Judging by all the responses posted so far, it seems noone wants to talk about it as if it even existed.

And the UK is still doing something similar (2, Informative)

Anonymous Brave Guy (457657) | more than 8 years ago | (#15050644)

For our boys and girls in the UK, don't forget that the Gowers review [hm-treasury.gov.uk] is still accepting responses to their call for evidence, and covers (inter alia) the same sort of questions.

Re:And the UK is still doing something similar (0)

Anonymous Coward | more than 8 years ago | (#15051064)

Now you mention UK consultations to do with IP I should remind everyone about the UK Patent Office Inventive Step Review http://www.patent.gov.uk/about/consultations/inven tive/index.htm [patent.gov.uk]

Copyright dorks (0)

Gat0r30y (957941) | more than 8 years ago | (#15050730)

Wow, that picture says a lot. Copyright dorks are even worse than us.

DRM must go (4, Interesting)

bigpat (158134) | more than 8 years ago | (#15050741)

For the legitimate interests of fair use, including archiving in libraries, DRM must be circumvented. DRM must be considered incompatible with copyright protection.

In order for a DRM'd work to receive legal copyright protection it must be required to submit a non-DRM'd copy to the Library of Congress and 2 other public Libraries. Otherwise the whole concept of time limited copyright goes out the window, frankly. Unrestrained DRM is unconstitutional for that reason.

Re:DRM must go (1)

Haeleth (414428) | more than 8 years ago | (#15050855)

In order for a DRM'd work to receive legal copyright protection it must be required to submit a non-DRM'd copy to the Library of Congress and 2 other public Libraries.

But what if terrorist pedophile pirates broke into the Library of Congress and stole the non-DRM'd copy? The consequences could destroy America and harm our children! We cannot afford to weaken our resolve: if we are to win the War on Freedom, we must fight on bravely and never, NEVER make ANY concession to the forces of evil who would try to force our God-given intellectual property to be released into the so-called "public domain".

Let's pay attention here (3, Insightful)

NorbrookC (674063) | more than 8 years ago | (#15050920)

It's easy to blow this off as "another bunch of lawyers bulls^H^H^H^H^Hdiscussing copyright law." Read the questions in the Federal Register!

I've seen enough "copyright=bad" or "copyright!=bad, implementation=bad", etc. posts on Slashdot over the years. Well, this is your chance to actually comment to people who are making the regulations and laws!

Here are some of the issues they're looking at:

Should non-physical or ''virtual'' libraries or archives be included within the ambit of section 108?

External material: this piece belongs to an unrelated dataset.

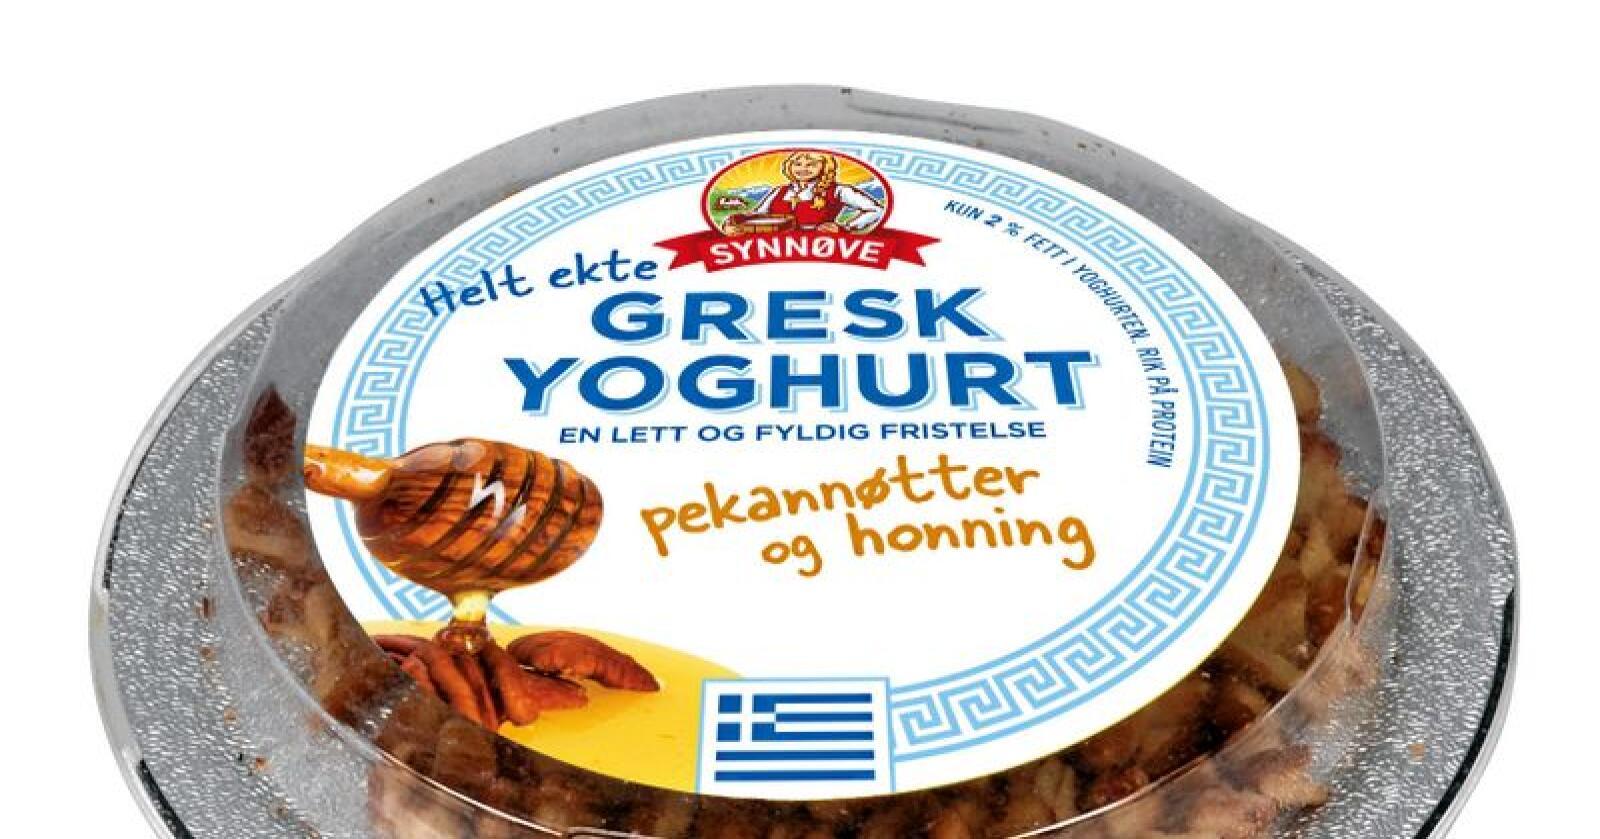 – Vi ønsker å ta hjem produksjonen av Gresk Yoghurt fordi vi er et norsk meieri, som aller helst ønsker å produsere på norsk kvalitetsmelk. Men så langt har vi ikke hatt de riktige rammevilkårene, sier administrerende direktør Trond Haug i Synnøve Finden til Nationen. Foto: Synnøve Finden.

Access to Digital Copies Made under Subsections 108(b) and (c). Are there conditions under which electronic access to digital preservation or replacement copies should be permitted under subsections 108 (b) or (c) outside the premises of libraries or archives (e.g., via e-mail or the Internet or lending of a CD or DVD)? If so, what conditions or restrictions should apply?

They talk about archiving web pages, and this is a key question: Should ''no archive'' meta-tags, robot.txt files, or similar technologies that block sites or pages from being crawled be respected?

There are a lot more, and they touch on almost all the issues that have provoked a lot of discussion and outright flame wars around the Internet. I'm still reading through it, but the key point is that we need to pay attention to this. This is at the point where they are considering things which may end up in regulation and law, and silence or ignoring it is going to cause a lot of problems down the line.

My comments (1)

Hoi Polloi (522990) | more than 8 years ago | (#15050965)

I'd give them my comments but they are copyrighted.

Re:My comments (1)

grimJester (890090) | more than 8 years ago | (#15051283)

I'd give them my comments but they are copyrighted.

Yeah. People would just copy them on the Internet.